Evie bent over, reached into the box and pulled out a phone.

“Shane’s sat phone. Oh, my God. Is there a charger? Plug it up. I can see what numbers he called.” Amy made a wild grab, snatching the grey phone from Evie’s hand. Flipping it open in desperation, knowing it was dead.

“Amy, maybe we should slow down. Talk to Hunter first.”

“Get me the damn charger.” Amy might regret her tone later, but now she was beyond caring. Evie stood, unbending and blocking Amy’s path. “Come on. I have to know. What if it was Hunter, wouldn’t you have to know?”

Evie didn’t move for a full minute, but finally sighed and handed over the power cord. Amy rushed to the wall, fumbled with the cord before finally getting the phone plugged up. The minutes it took before the phone charged enough to power on stretched for decades.

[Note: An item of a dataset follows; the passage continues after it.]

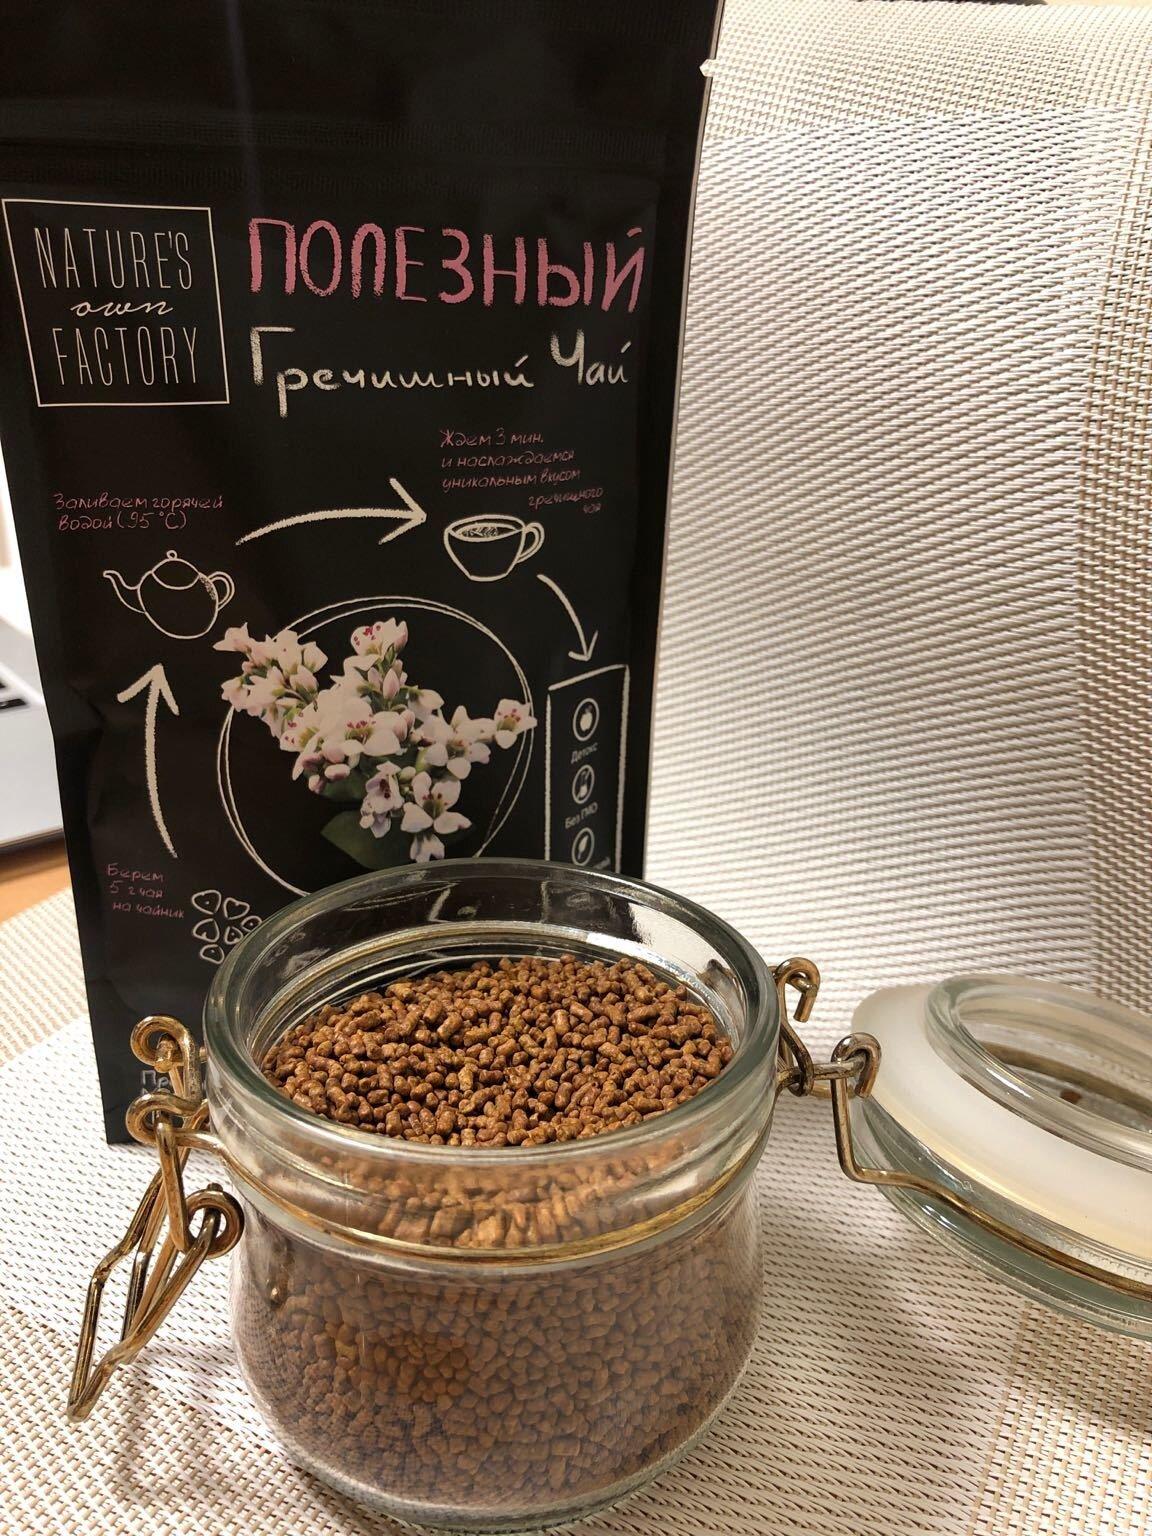 Напиток чайный гречишный Natures Own Factory, 30, 100 г - фото pic_2104e9e18362ceb35e67389e70035fd6_1920x9000_1.jpg

“It’s on.” Amy all but shouted and scrolled the last dialed numbers. Most were foreign. She passed them quickly. But then Mercy’s area code popped up. Not her number.

Amy hit dial and held the phone up to her ear.

A phone rang in Evie’s house. Amy’s gaze collided with her friend. “That’s not my ringtone.”

Amy dropped Shane’s phone to the floor and raced in the direction of the sound. She ran down the hall and slammed open the last door on the right. Hayden James sat on the bed, her face pale, her eyes filled with tears. Her cell clutched in her grip.